▶ What is required
For this exercise, write out the full listing that follows exactly and skip its pictures.

▶ Collected data
# # # #

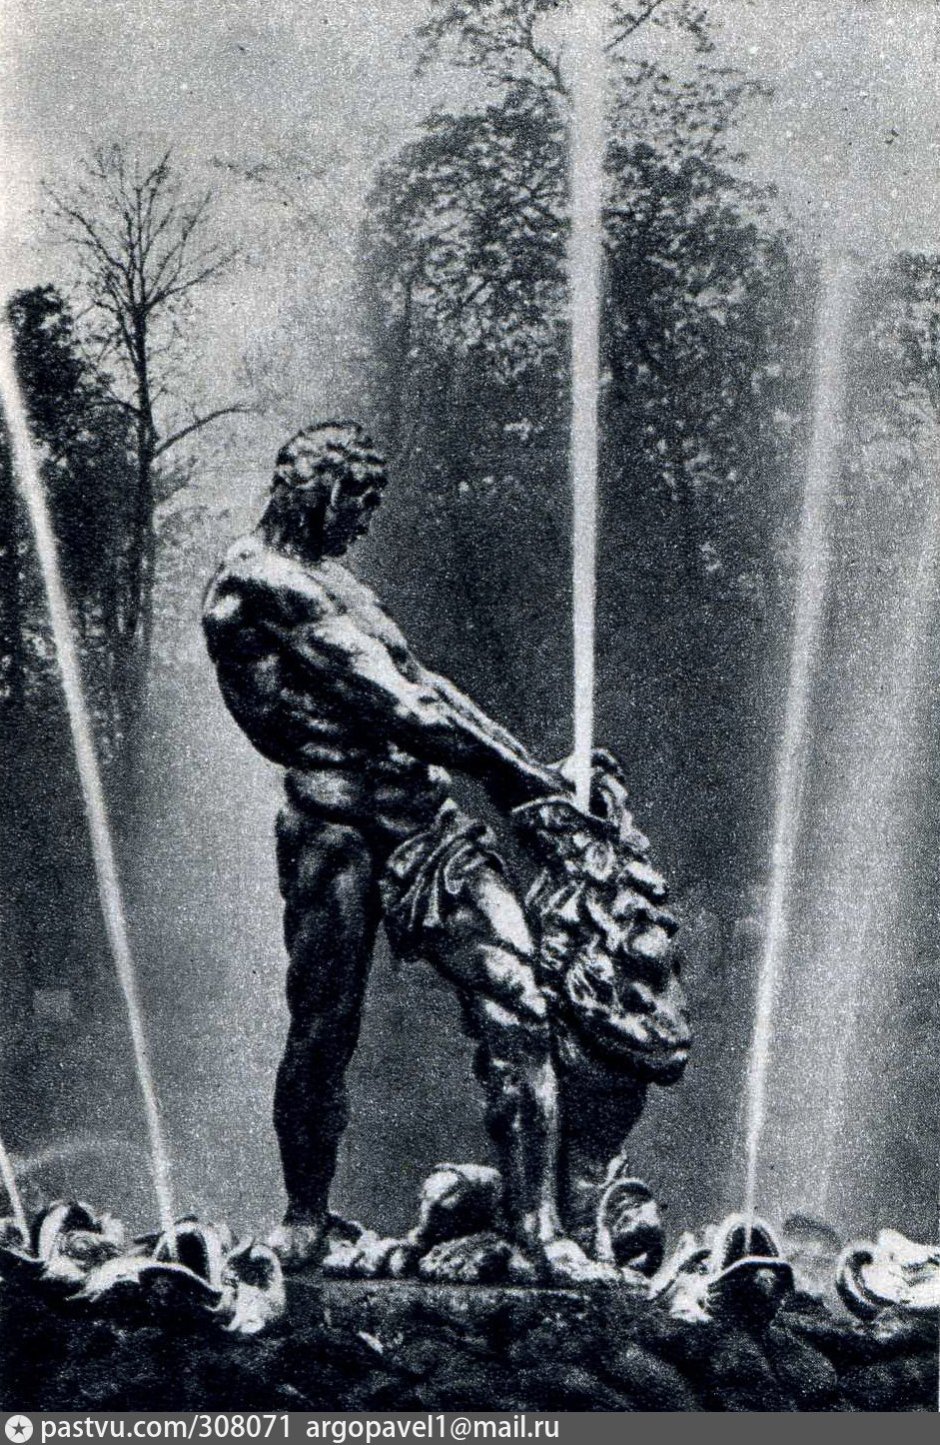 Козловский скульптор Самсон раздирающий пасть Льва
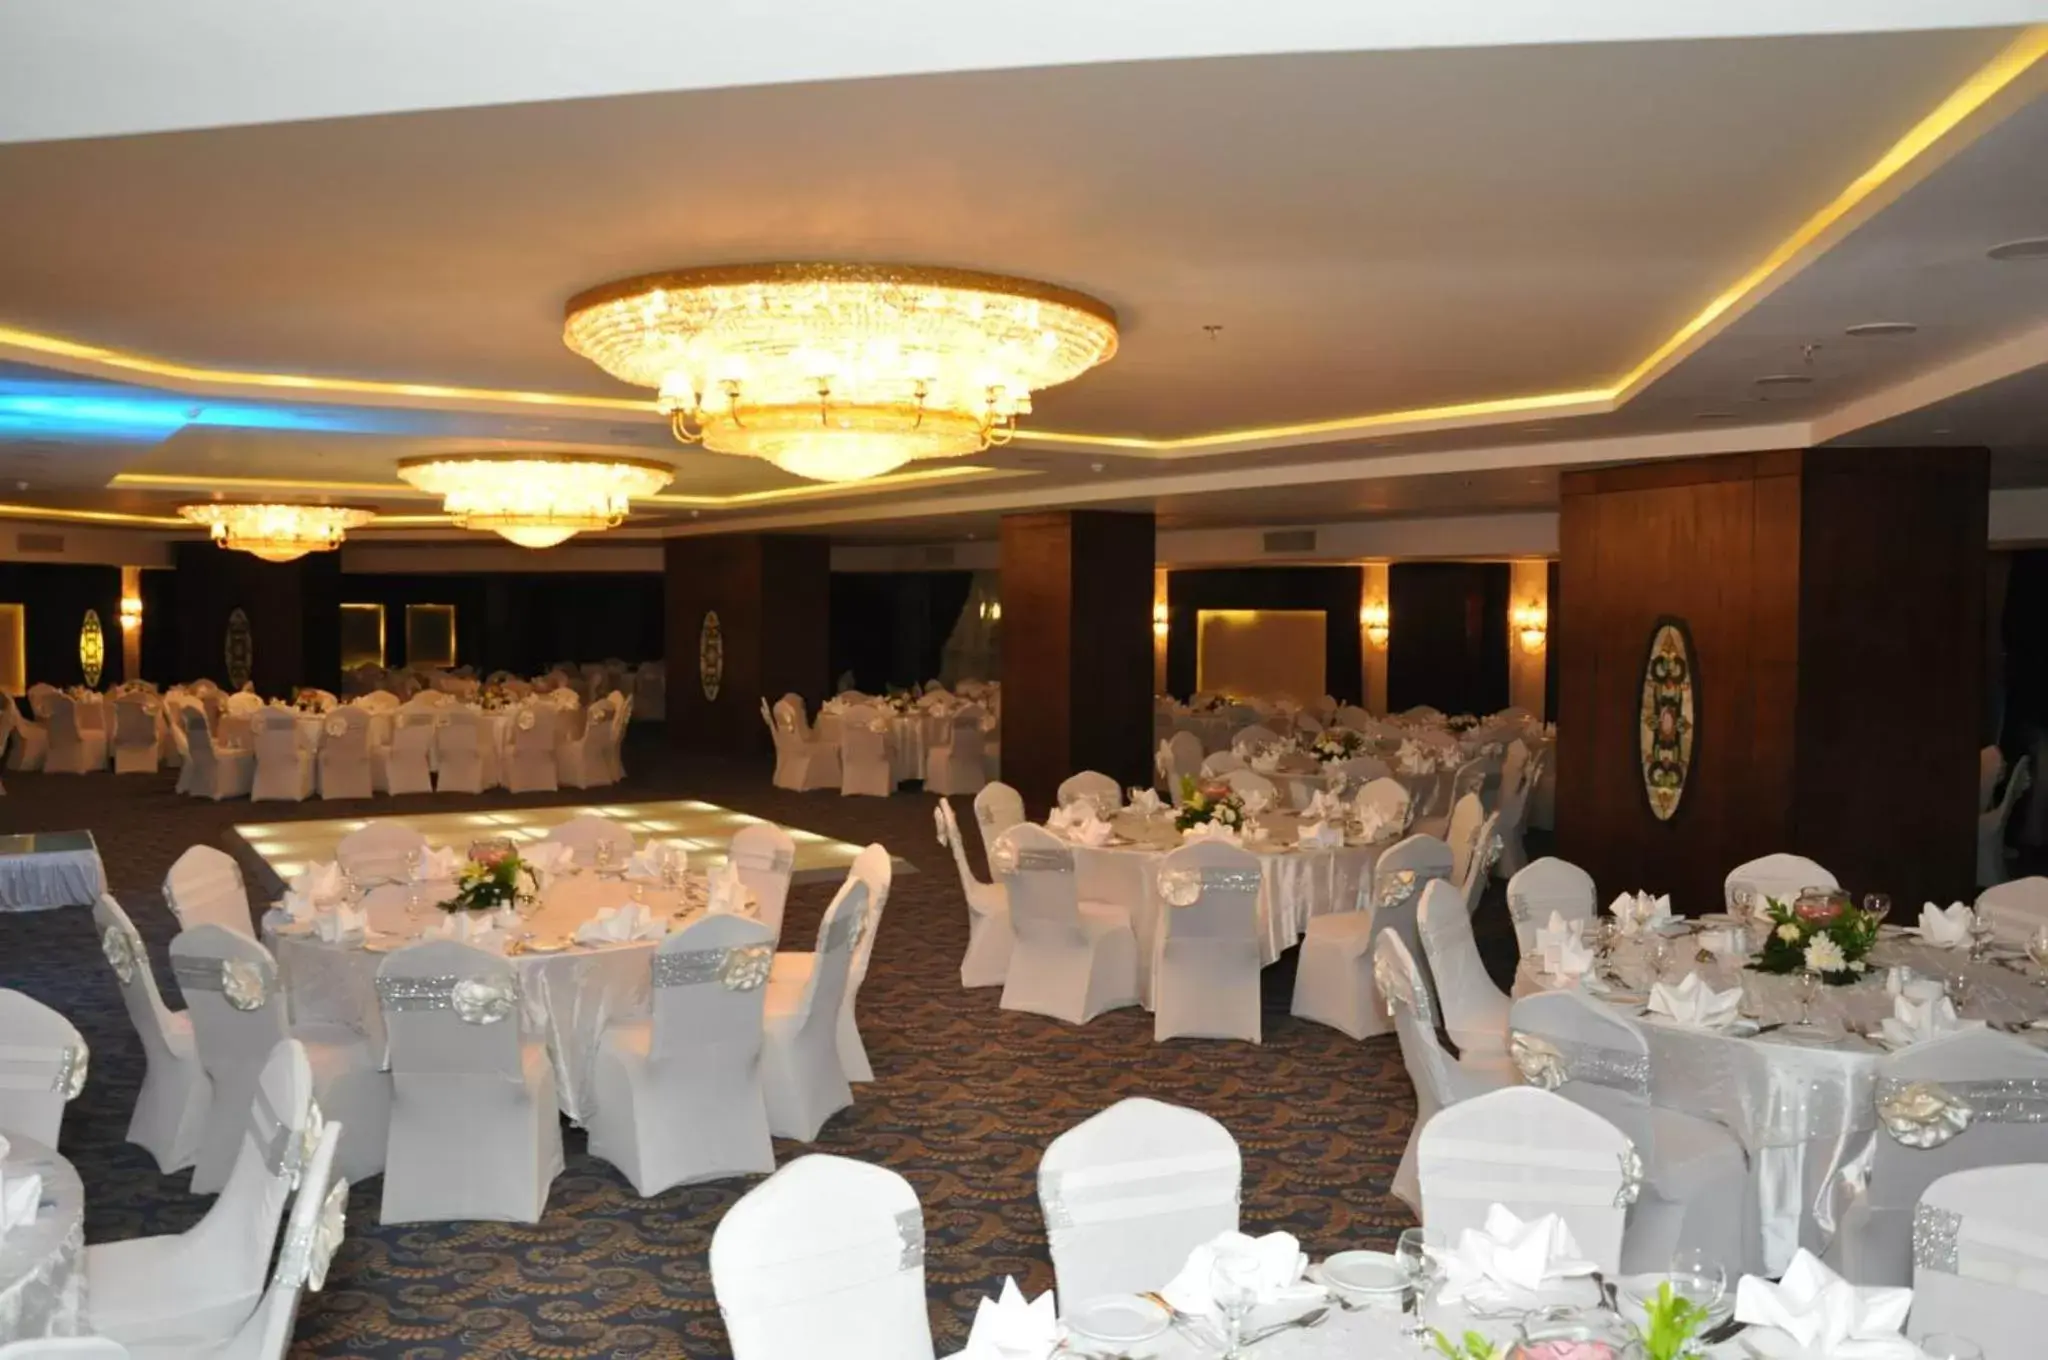 Banquet/Function facilities, Banquet Facilities in Tolip El Galaa Hotel Cairo
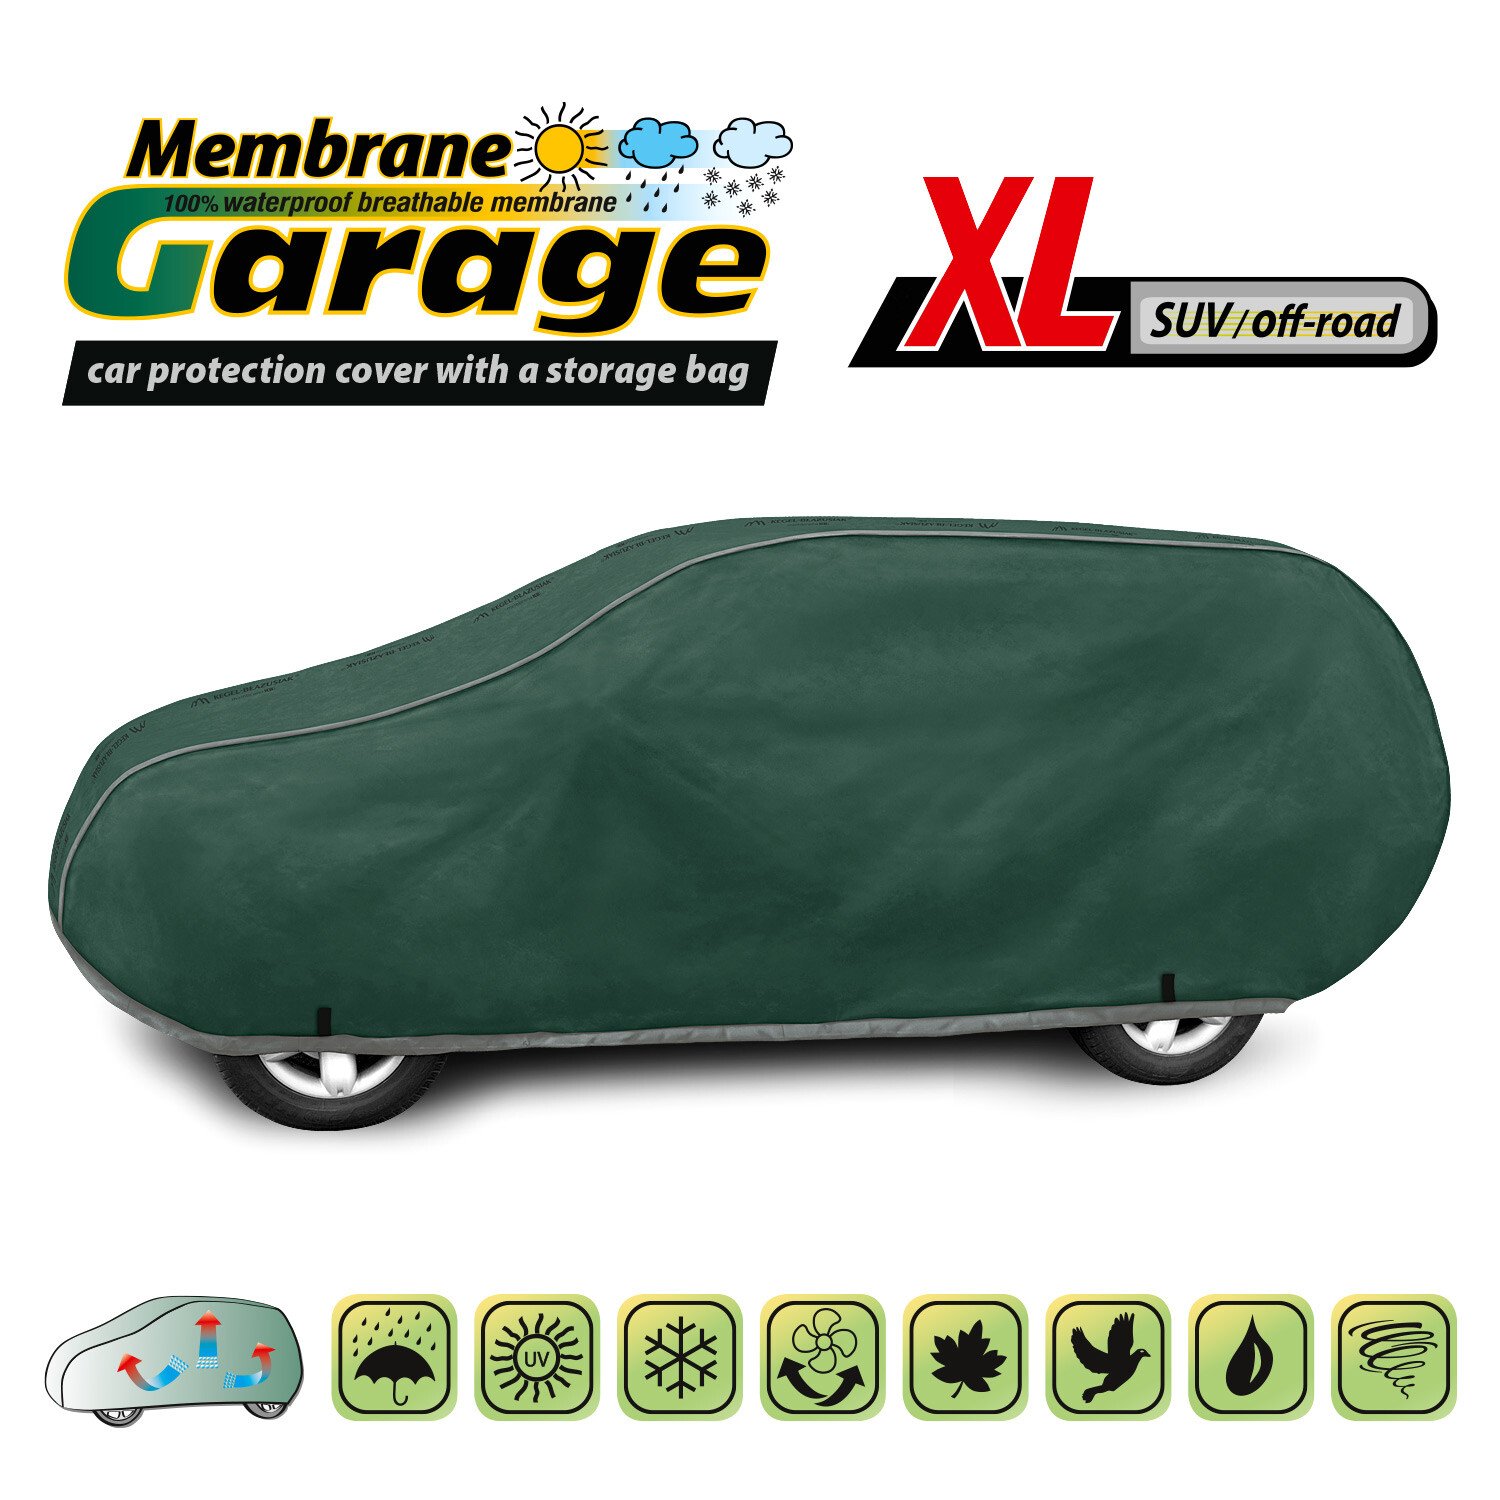 Prelata auto completa Membrane Garage, complet impermeabila si respirabila - XL - SUV/Off-Road thumb

# # # #

▶ Answer for this exercise
 Козловский скульптор Самсон раздирающий пасть Льва
 Banquet/Function facilities, Banquet Facilities in Tolip El Galaa Hotel Cairo
 Prelata auto completa Membrane Garage, complet impermeabila si respirabila - XL - SUV/Off-Road thumb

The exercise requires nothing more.